合成生物学 ›› 2024, Vol. 5 ›› Issue (2): 385-395.DOI: 10.12211/2096-8280.2023-058

• 研究论文 • 上一篇    

基于重组人Ⅲ型胶原蛋白的三聚体抗原疫苗策略在新冠和流感疫苗中的应用

刘泽众1,2, 周洁1, 朱赟3, 陆路1, 姜世勃1   

  1. 1.复旦大学基础医学院,上海 200032
    2.复旦大学药学院药理系,上海 201203
    3.中国科学院生物物理研究所,北京 100101
  • 收稿日期:2023-08-19 修回日期:2023-11-07 出版日期:2024-04-30 发布日期:2024-04-28
  • 通讯作者: 陆路,姜世勃
  • 作者简介:刘泽众(1990—),男,青年研究员,博士生导师。研究方向为微生物学。E-mail:zezhongliu@fudan.edu.cn
    陆路(1982—),男,研究员,博士生导师。研究方向为微生物学。E-mail:lul@fudan.edu.cn
    姜世勃(1953—),男,教授,博士生导师。研究方向为微生物学。E-mail:shibojiang@fudan.edu.cn
  • 基金资助:
    国家重点研发计划(2022YFC2305800);国家自然科学基金(92169112)

Applications of the recombinant human collagen type Ⅲ-based trimerization motif in the design of vaccines to fight against SARS-CoV-2 and influenza virus

Zezhong LIU1,2, Jie ZHOU1, Yun ZHU3, Lu LU1, Shibo JIANG1   

  1. 1.School of Basic Medical Sciences,Fudan University,Shanghai 200032,China
    2.Department of Pharmacology,School of Pharmacy,Fudan University,Shanghai 201203
    3.Institute of Biophysics,Chinese Academy of Sciences,Beijing 100101,China
  • Received:2023-08-19 Revised:2023-11-07 Online:2024-04-30 Published:2024-04-28
  • Contact: Lu LU, Shibo JIANG

摘要:

新冠病毒等多种包膜病毒的糖蛋白在天然状态下呈现三聚体形式。
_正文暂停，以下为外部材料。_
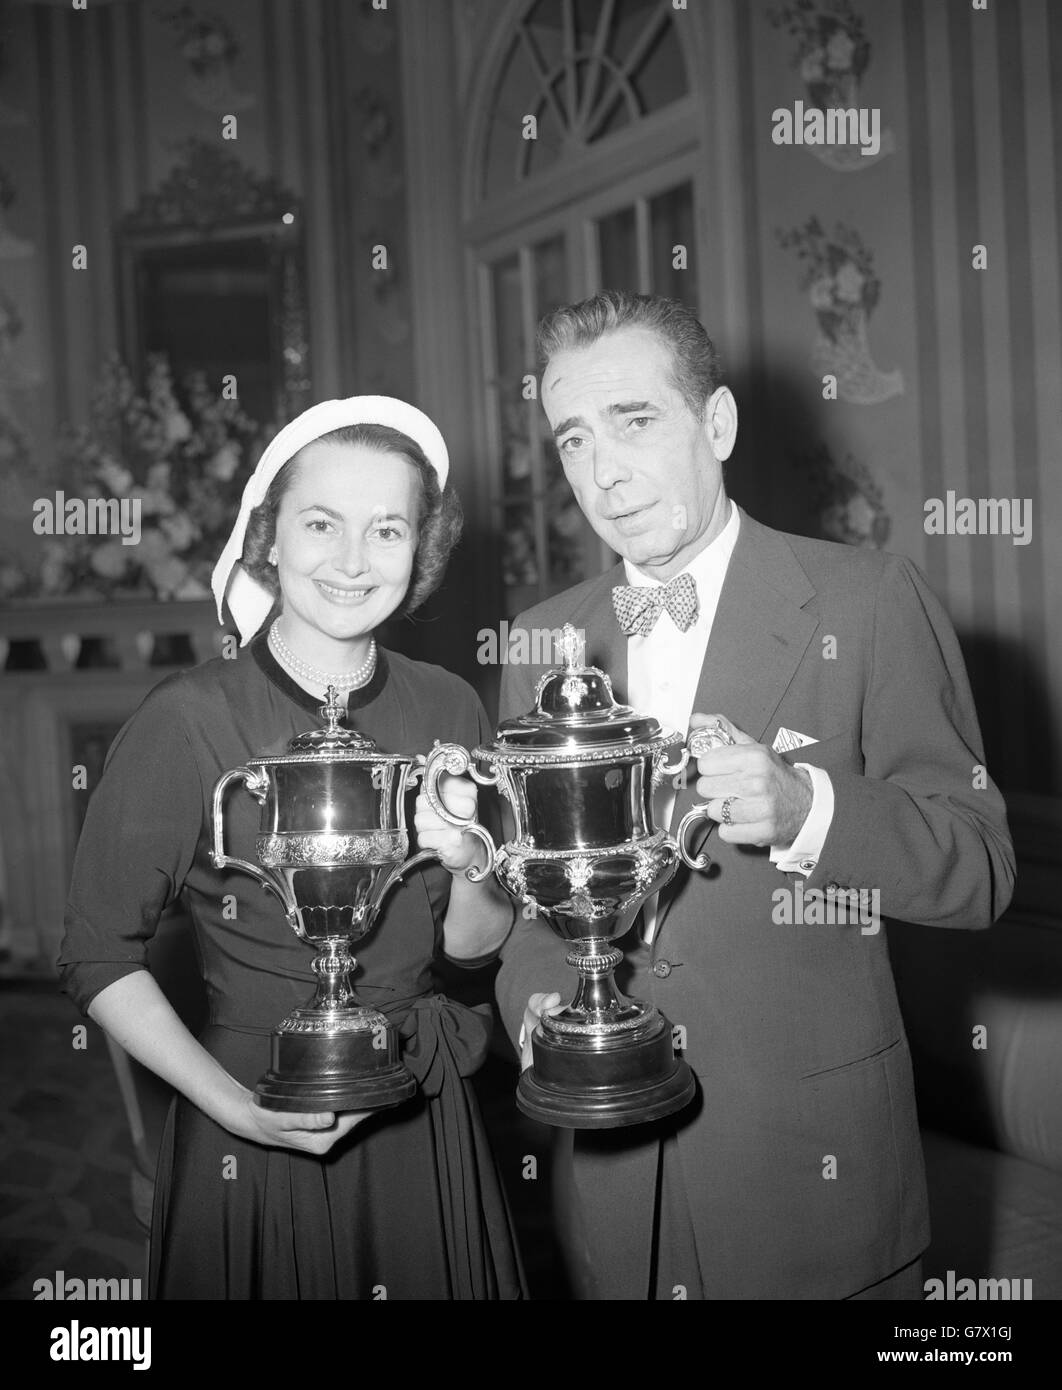 Film actor Humphrey Bogart at the Savoy Hotel with the 1952 Picturegoer Film Award for his performance in The African Queen. With him is Olivia de Havilland, who received the actress award on behalf of Susan Hayward. Stock Photo
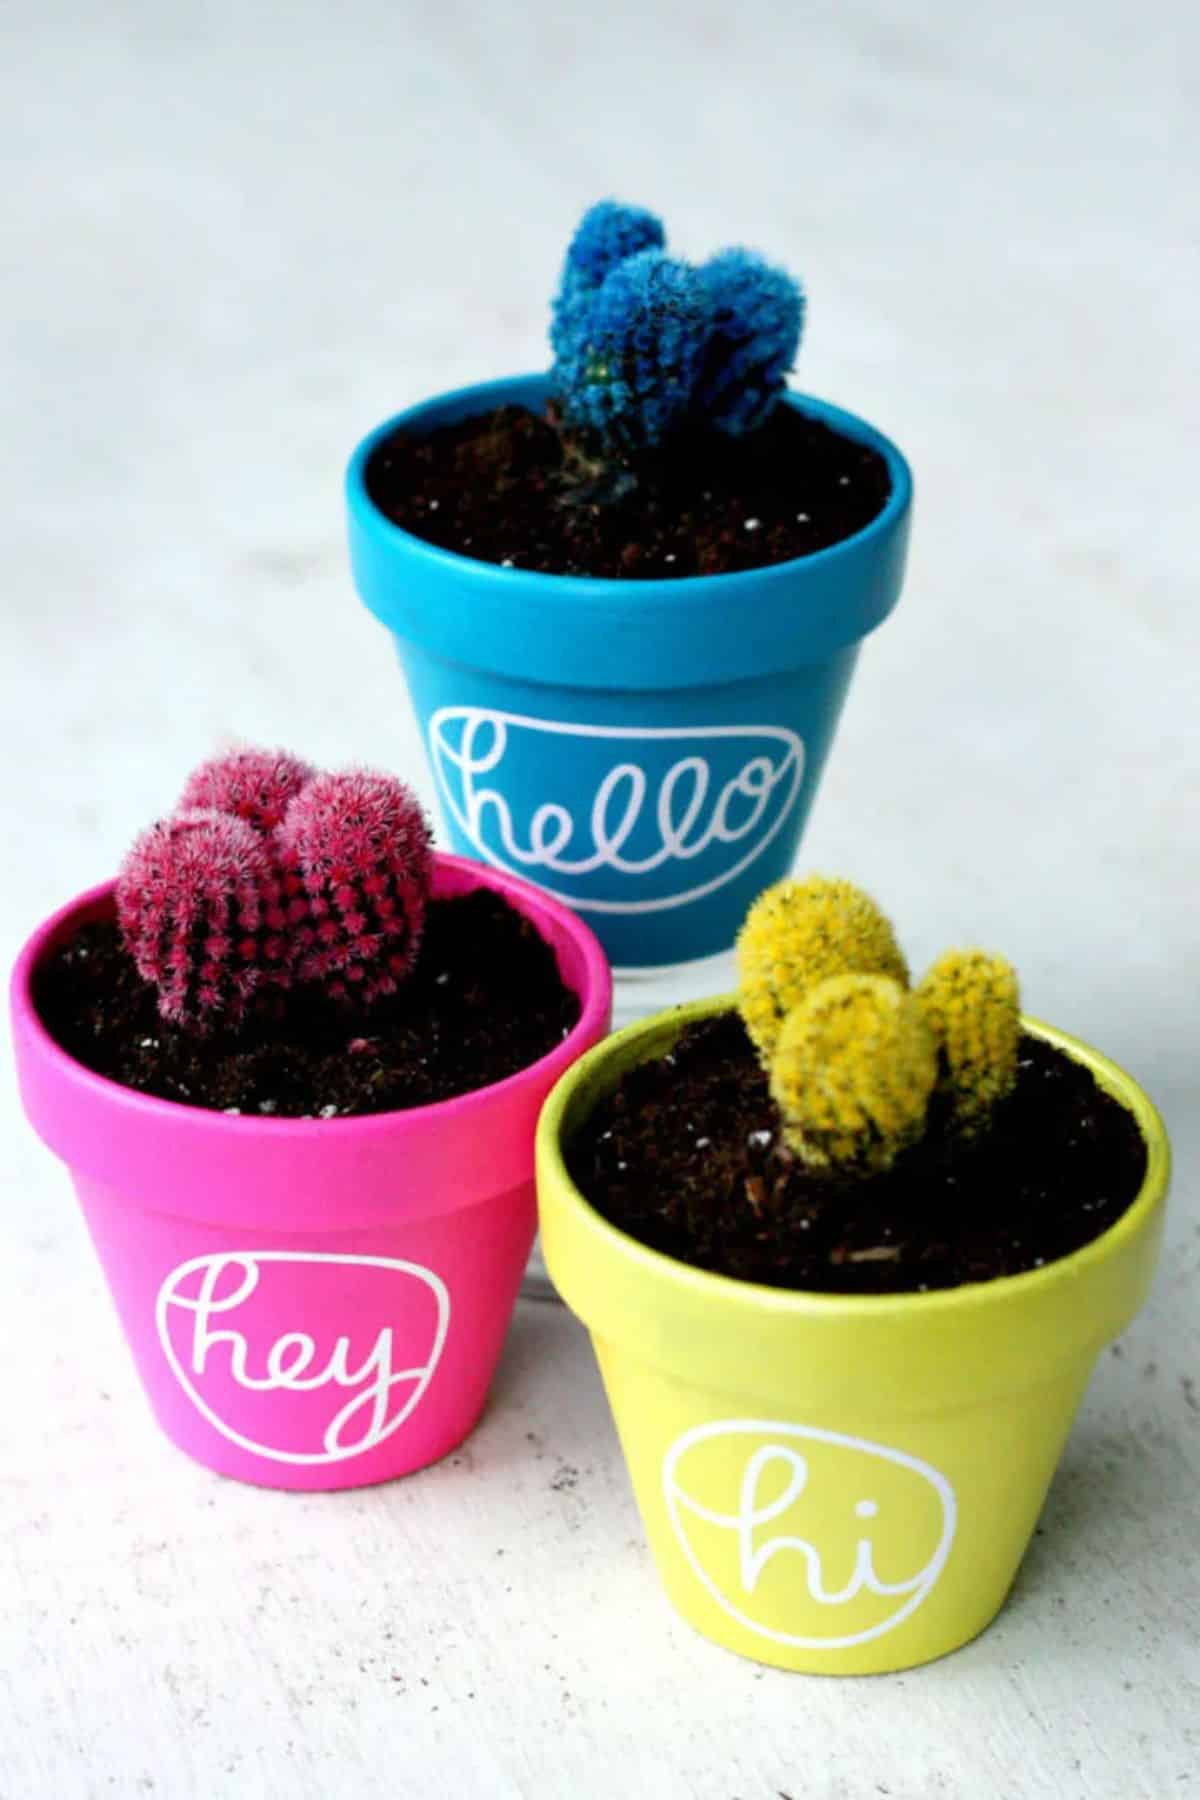 Cactus Pot Painting for Colorful Home Decor

三聚体蛋白通常较单体蛋白具有更优的免疫原性。目前使用非人蛋白来源的Foldon等三聚体基序可促使目的蛋白形成稳定三聚体,但这些基序的强免疫原性会削弱目的蛋白的免疫应答,限制了其在疫苗抗原设计中的应用。在本研究中,发现并利用重组人源化Ⅲ型胶原蛋白(Rh3C)作为新型三聚体基序,利用合成生物学方法,与新冠病毒刺头(spike)蛋白受体结合域(RBD)融合表达后促使RBD形成三聚体。这种胶原-RBD(Rh3C-RBD)三聚体蛋白在免疫小鼠后,较RBD单体蛋白诱导产生了更高滴度的结合抗体和中和抗体。此外,我们还进一步验证了该Rh3C基序与流感病毒HA1蛋白融合后,较HA1单体蛋白可在小鼠体内诱导更强效的抗体应答。因此,这种新型的Rh3C基序,有望广泛用于三聚体疫苗抗原的设计和优化。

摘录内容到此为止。